CUMULATIVE ATTENTION BASED STREAMING TRANSFORMER ASR WITH INTERNAL LANGUAGE MODEL JOINT TRAINING AND RESCORING
Mohan LI (Toshiba Europe Ltd); Cong-Thanh Do (Toshiba Research Europe Ltd.); Rama S Doddipatla (Toshiba Europe LTD)
-
SPS
IEEE Members: $11.00
Non-members: $15.00
This paper presents an approach to improve the performance of streaming Transformer ASR by introducing an internal language model (ILM) as a part of the decoder layers. In the recently proposed cumulative attention (CA) based streaming ASR system, only the last or top few decoder layers are equipped with the CA module. Thus in this work, we propose to train the bottom (non-CA) layers as an ILM using an auxiliary LM loss jointly with the rest of the system. During inference, the outputs of the ILM are interpolated with those of the entire Transformer decoder as done in the conventional external language model (ELM) rescoring.
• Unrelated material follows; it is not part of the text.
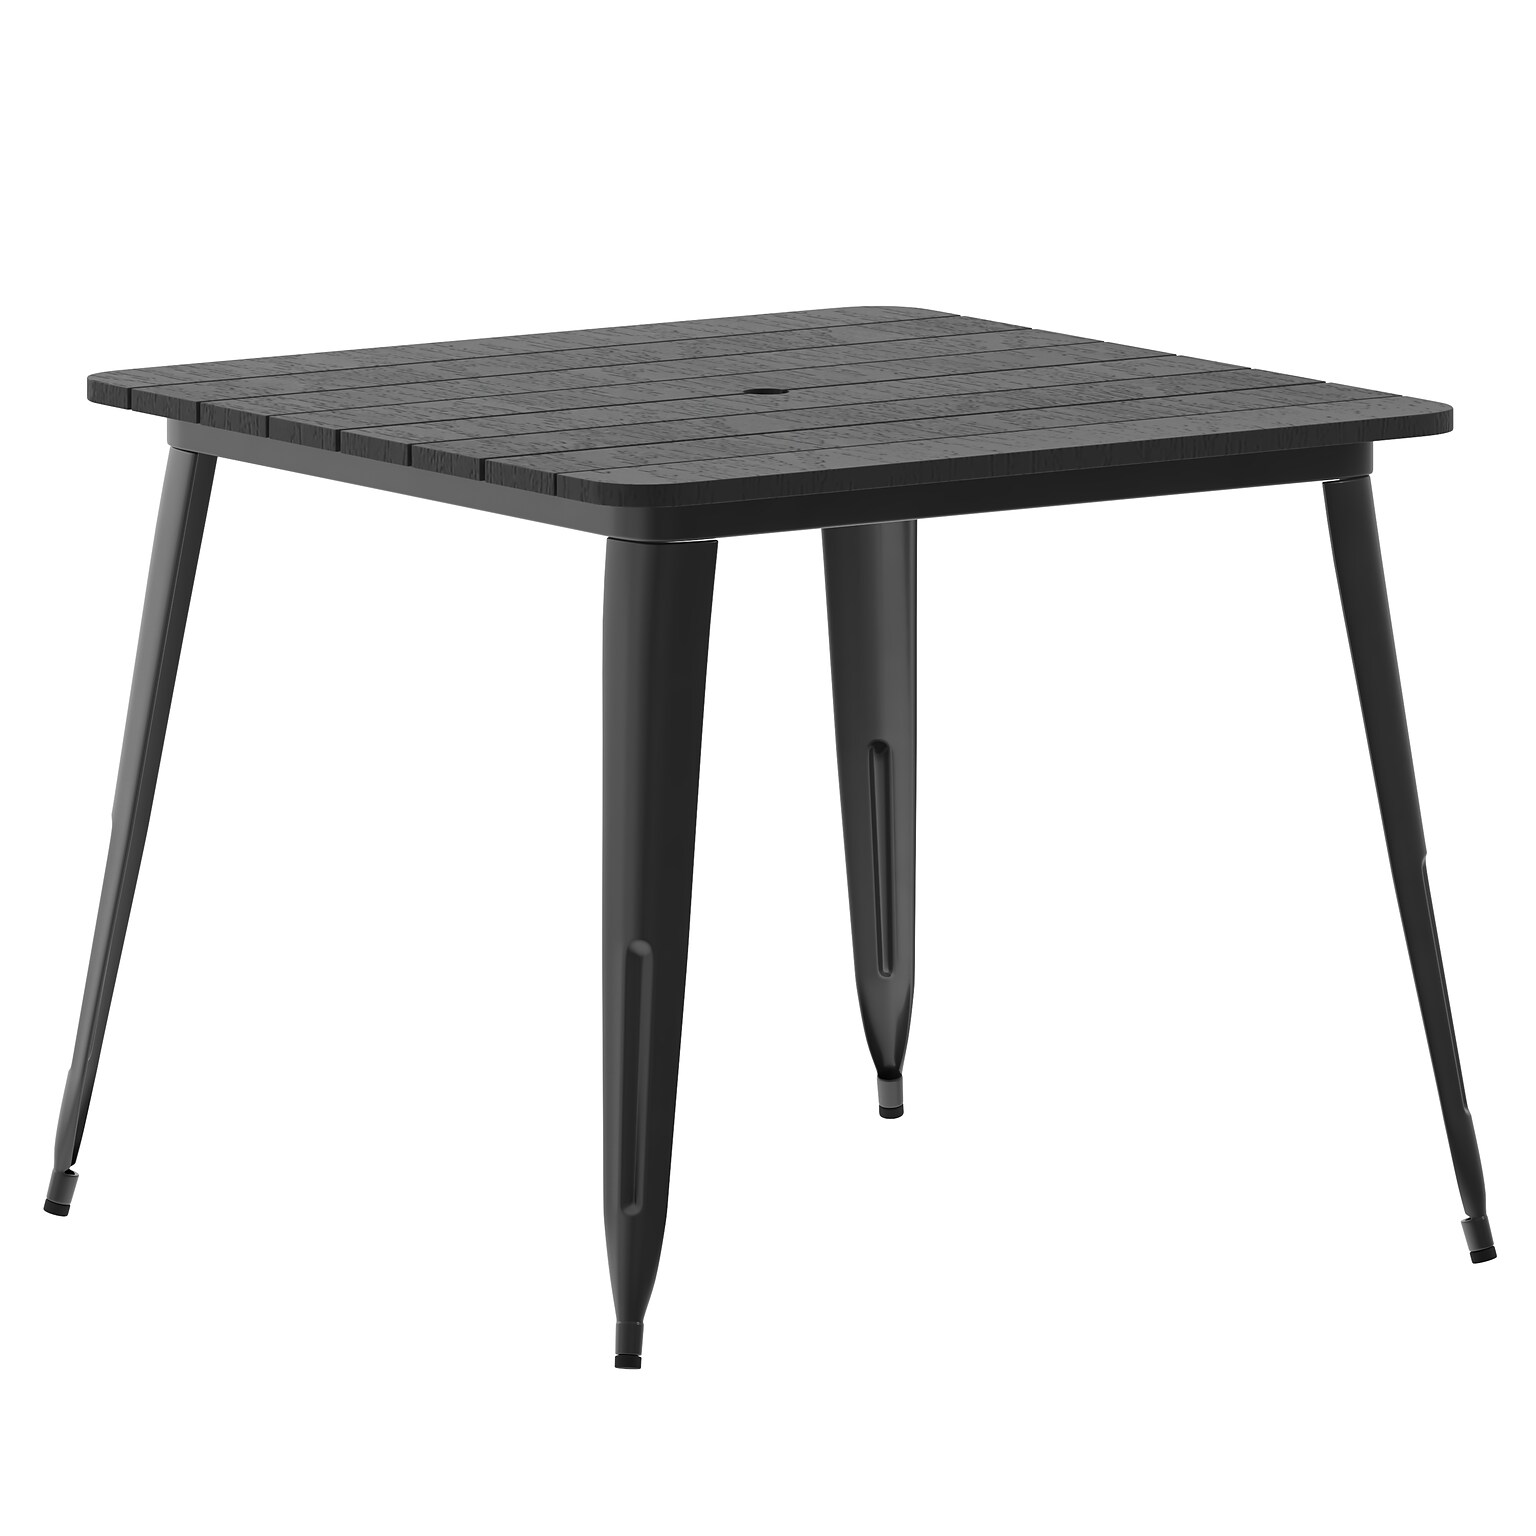 Flash Furniture Declan Indoor/Outdoor Dining Table with Umbrella Hole, 30, Black Top and Black Base (JJT1461990BKBK)

The paper also proposes a refinement to the CA algorithm known as CTC look-ahead, in order to improve the precision of endpoint detection. Experiments conducted on AIShell-1, Aidatatang and Librispeech datasets show that the proposed ILM rescoring method achieves on par or better ASR performance when compared to the ELM rescoring baseline. Also, the CTC look-ahead strategy effectively alleviates the early end-of-speech (EOS) triggering issue suffered by the CA module, without bringing noticeable latency degradation.